Census criticized for 'rushed' count

Census criticized for 'rushed' count

House Government Reform Census Subcommittee Chairman Dan Miller, R-Fla., called Tuesday on the Census Bureau to review the quality of decennial census data from 15 local census offices, after a subcommittee analysis suggested that a "rushed census" may have compromised the accuracy of the bureau's field work.

"The concern was that in one way or another, employees had been forced to put quality aside in order to meet the Census Bureau's constantly changing deadlines and get out of the field," Miller said during a news conference.

Census Bureau Director Kenneth Prewitt, who had not digested the subcommittee's report, responded that the panel based its findings on complicated bureau data the bureau itself has analyzed and not found worrisome.

Prewitt acknowledged the bureau has had to re-count some 71,000 households in its Hialeah, Fla., office after reports of shortcuts and possible fraud but said emphatically there were "zero" similar situations.

"We are absolutely certain there's not systematic fraud within the census.
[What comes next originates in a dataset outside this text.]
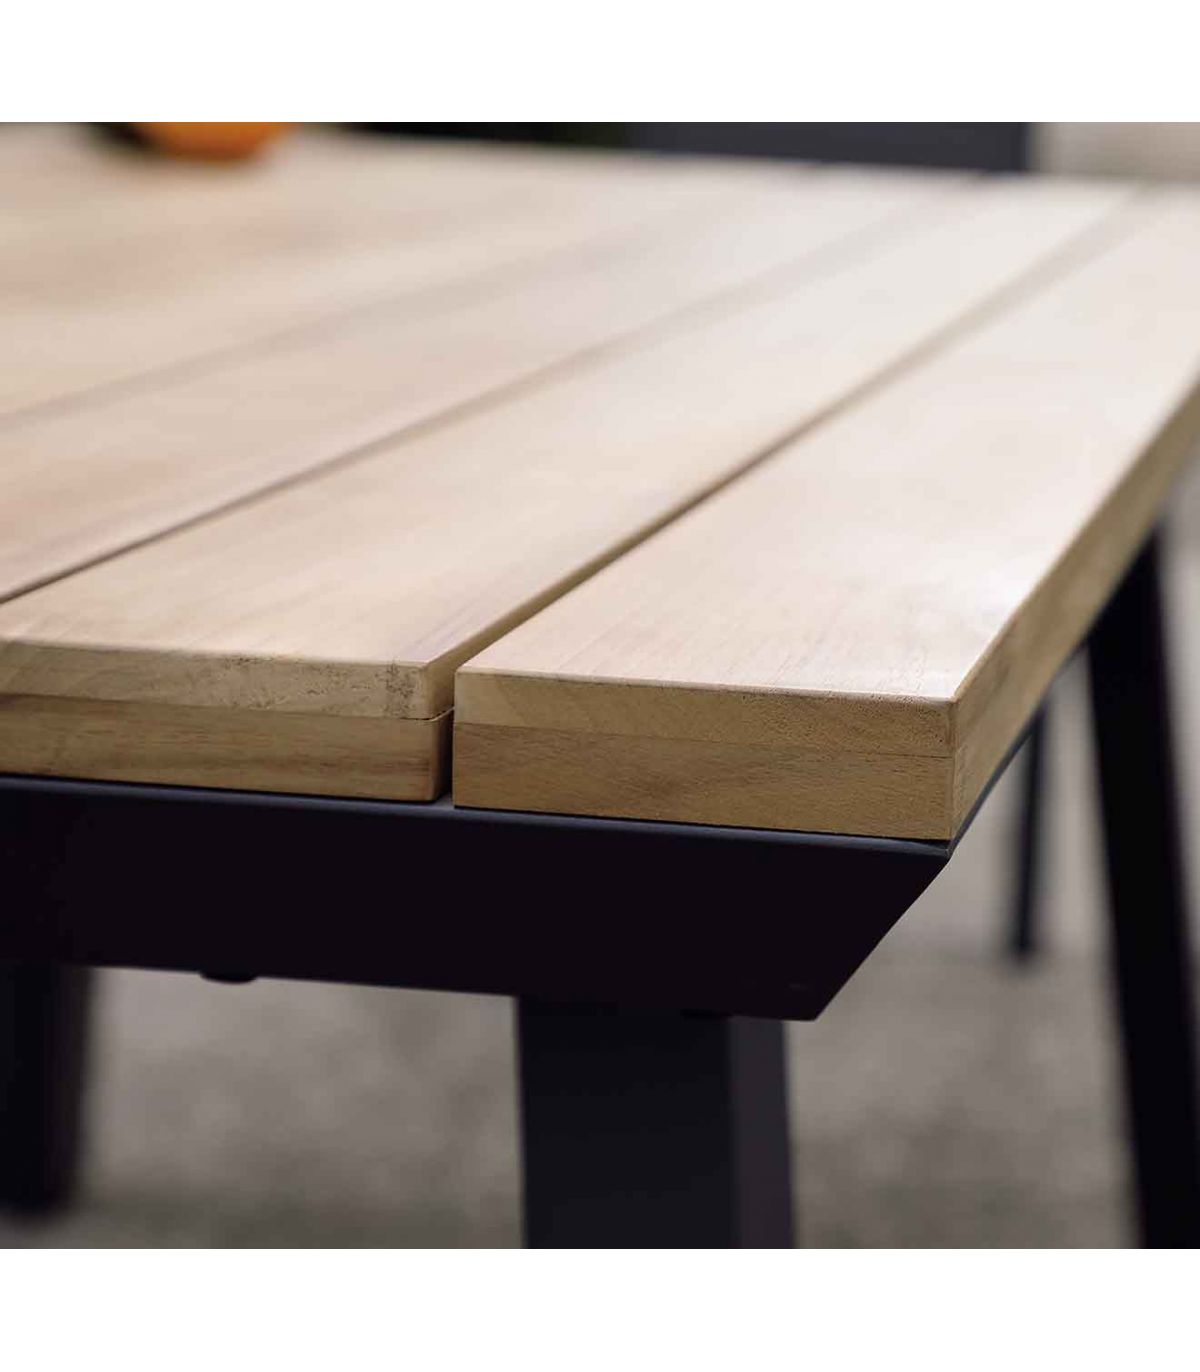 Mesa de exterior rectangular ALASKA madera de teca

There are, of course, isolated incidents," Prewitt said.

Miller cited news reports and anecdotal employee reports of local census offices rushing to finish their field counts at the expense of accuracy.

In addition to Hialeah, Miller said a subcommittee review of nearly all of the bureau's 520 local census offices turned up "red flags" in 15 offices, including Atlanta, Chicago, Las Vegas, Los Angeles, New York City, Philadelphia and offices in Alabama, California, Indiana, New Jersey and South Dakota.
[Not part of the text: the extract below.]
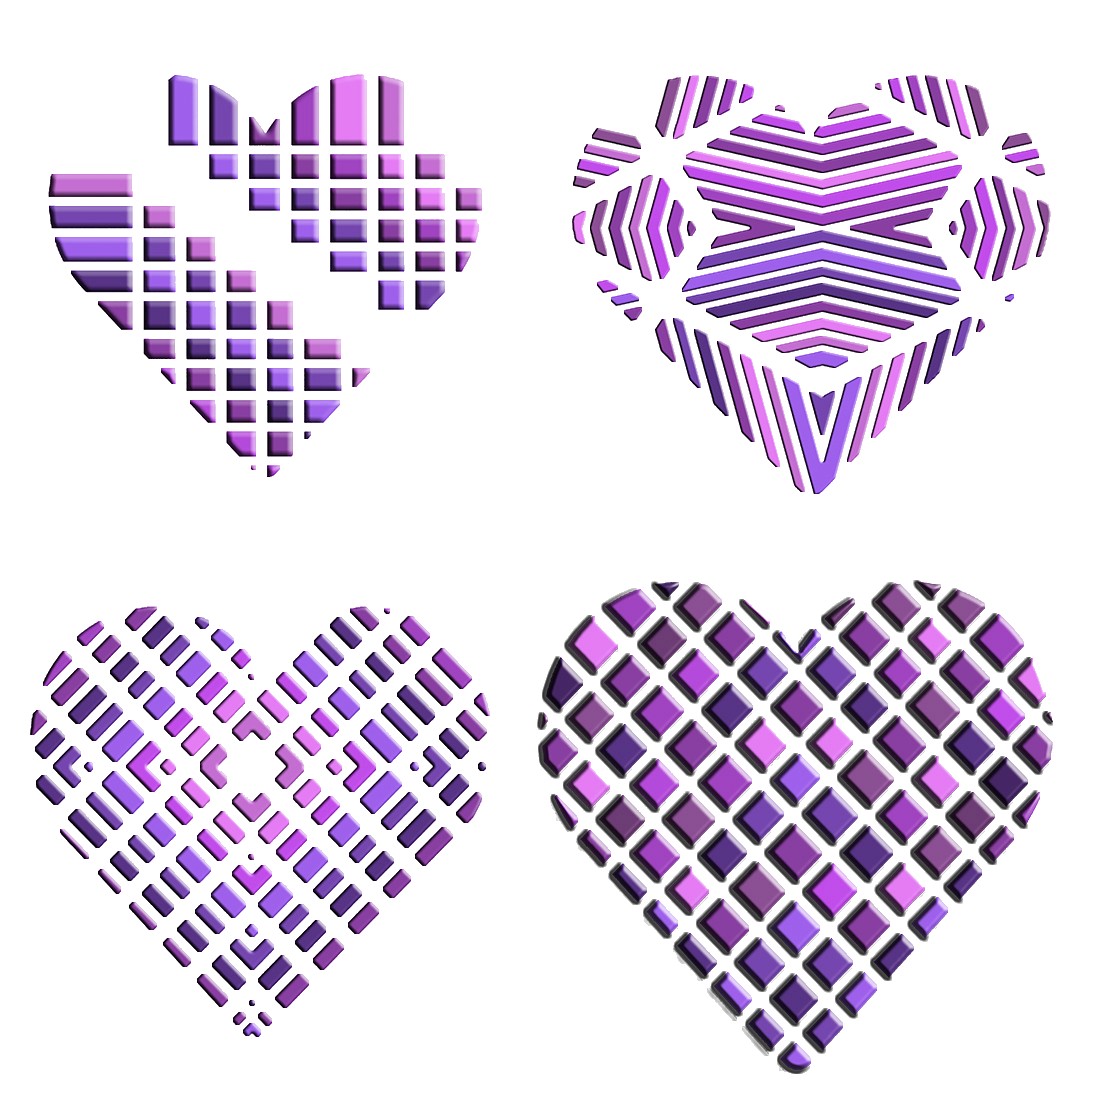 Gemstone Purple Hues Heart Shaped Cut Files cover image.

Miller said he sent a letter to 22 House members who could be affected and is calling on the bureau and the inspector generalto review the local offices.
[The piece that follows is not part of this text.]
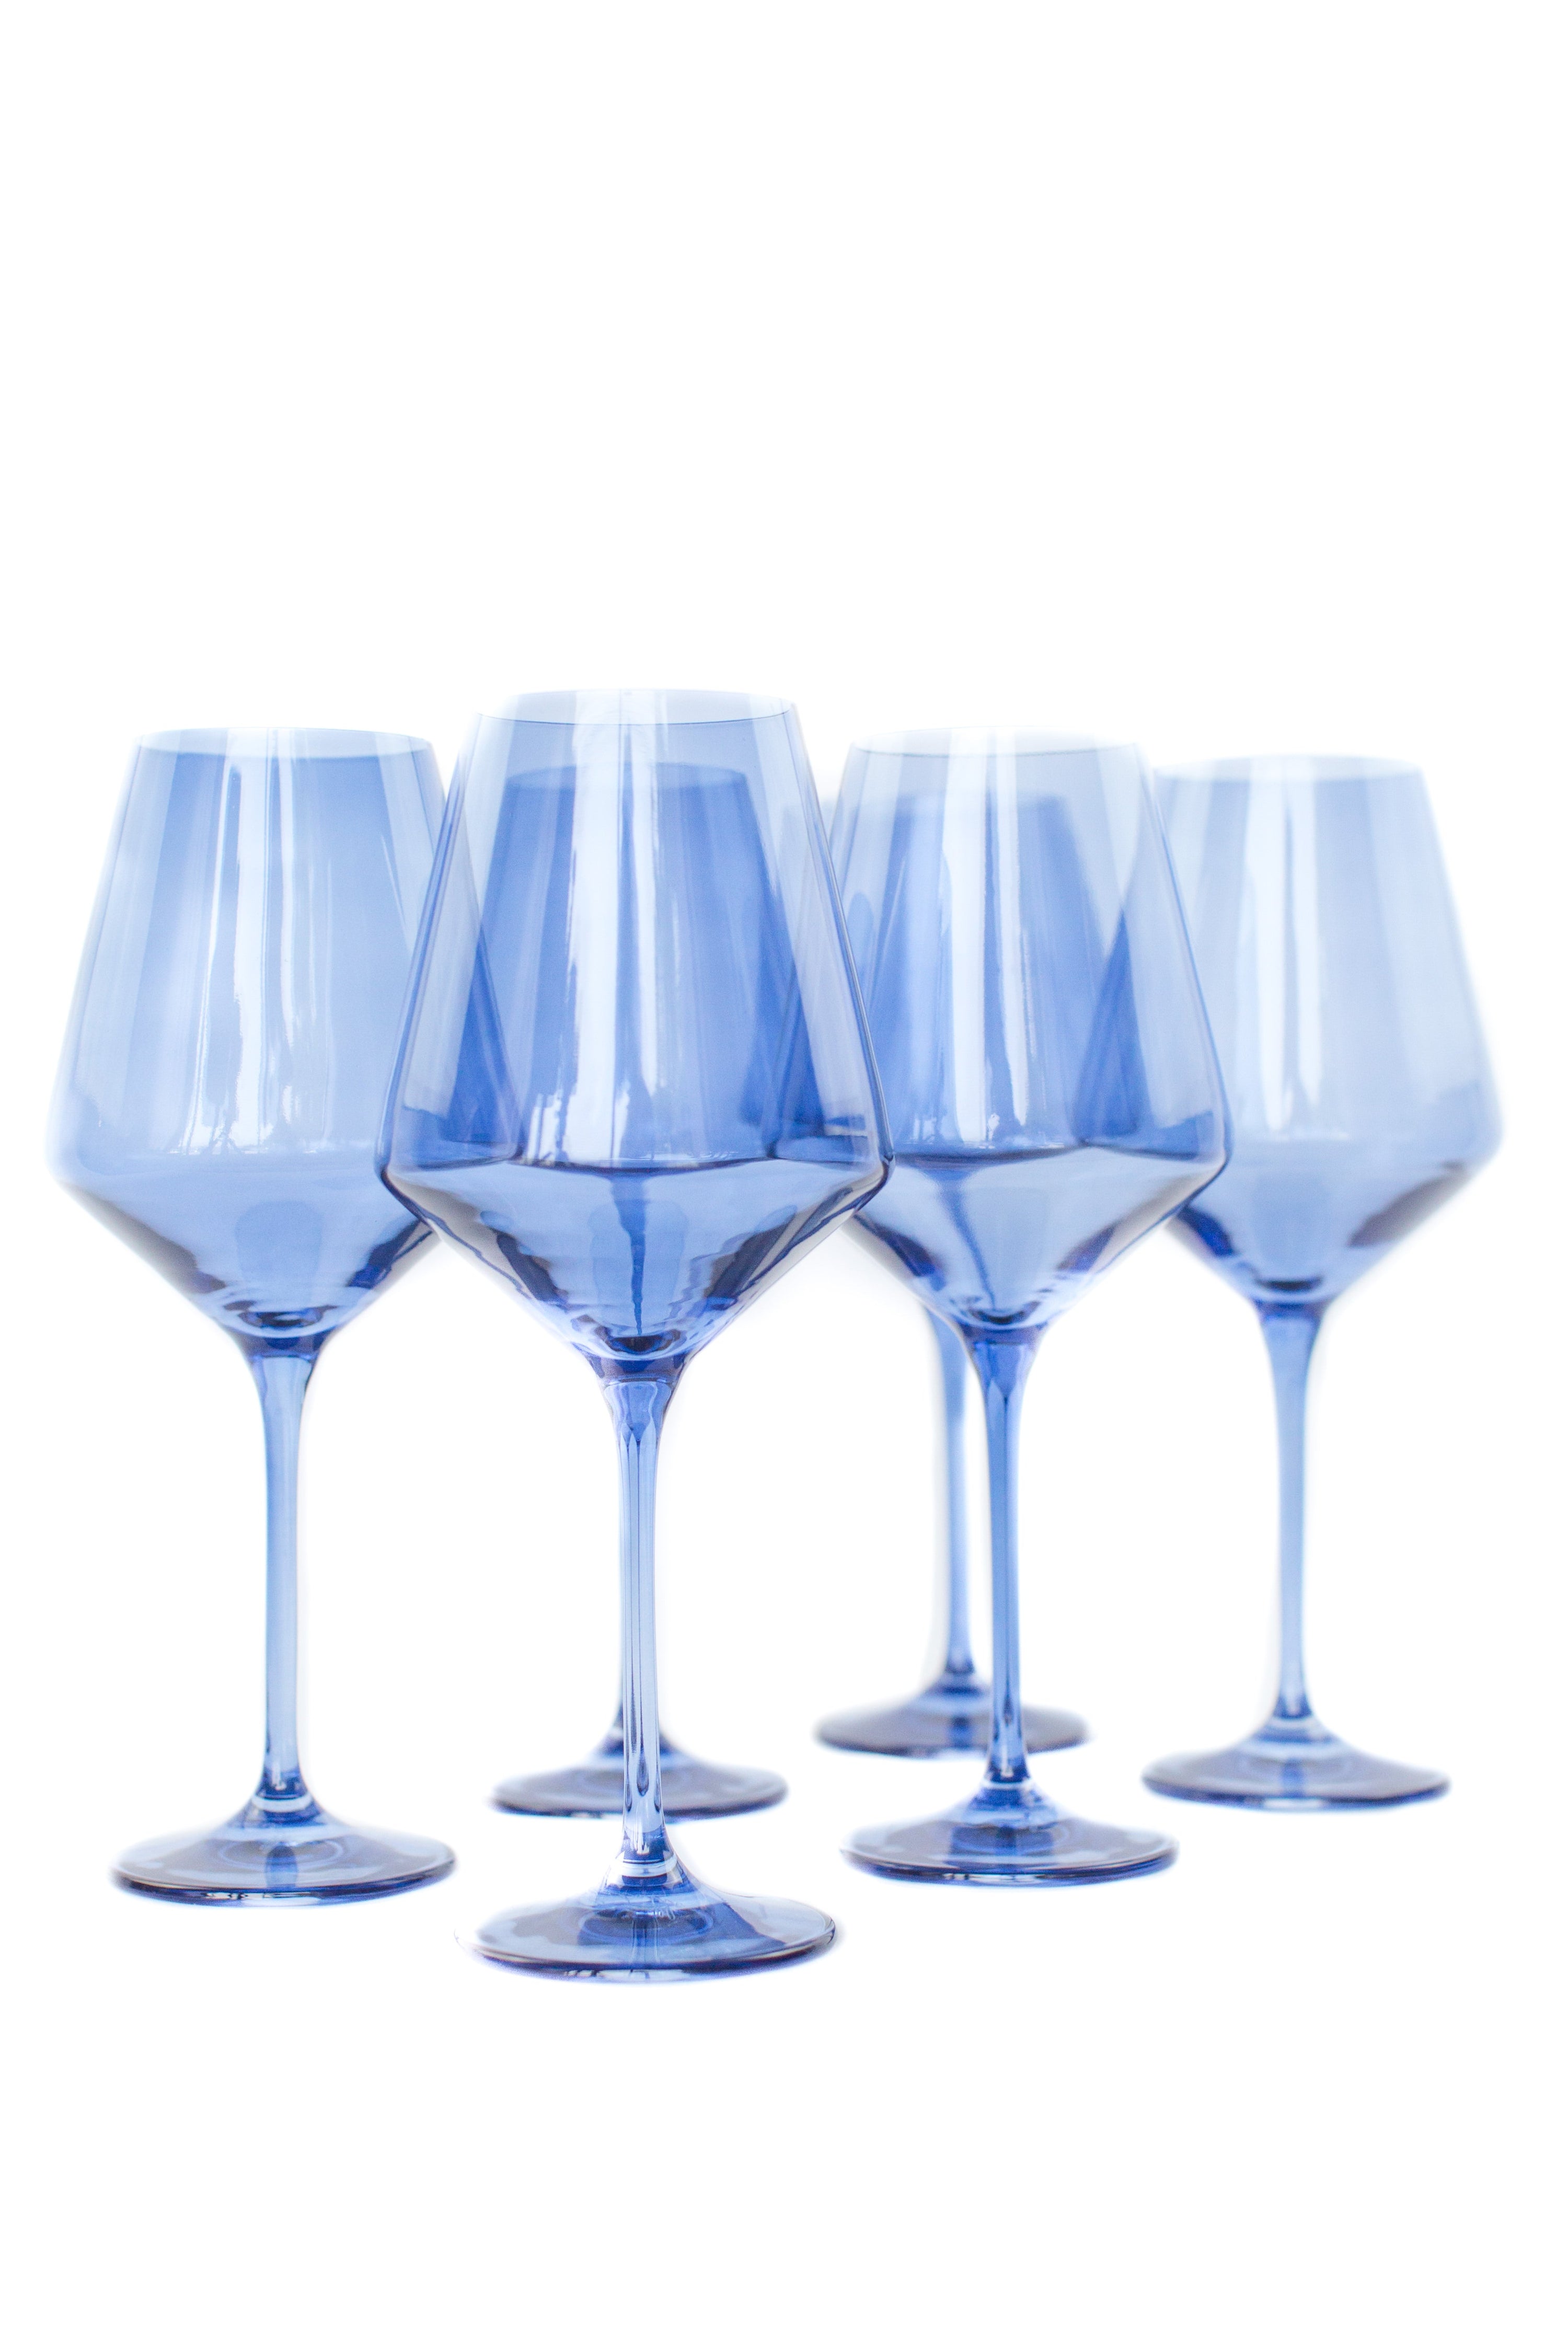 Estelle Colored Glass - Stemware Wine Glasses - Set of 6 Blush Pink

"From the top down, there is the pressure to get out of the field early," Miller said.

Miller declined to speculate as to a single motivation for an early finish and did not cite the bureau's controversial sampling methods as a possibility.

Prewitt said the bureau is able to finish sooner because there is less to do, noting that 66 percent of U.S. households mailed back census forms instead of the anticipated 61 percent.

In addition to Hialeah households, Prewitt said enumerators will re-count about 80,000 households, out of 40 million, because bureau quality control procedures raised accuracy concerns in largely isolated incidents.

Subcommittee ranking member Carolyn Maloney, D-N.Y., issued a statement calling on the bureau to investigate problems where needed but referred to the GOP report as "statistical McCarthyism-allegations without proof."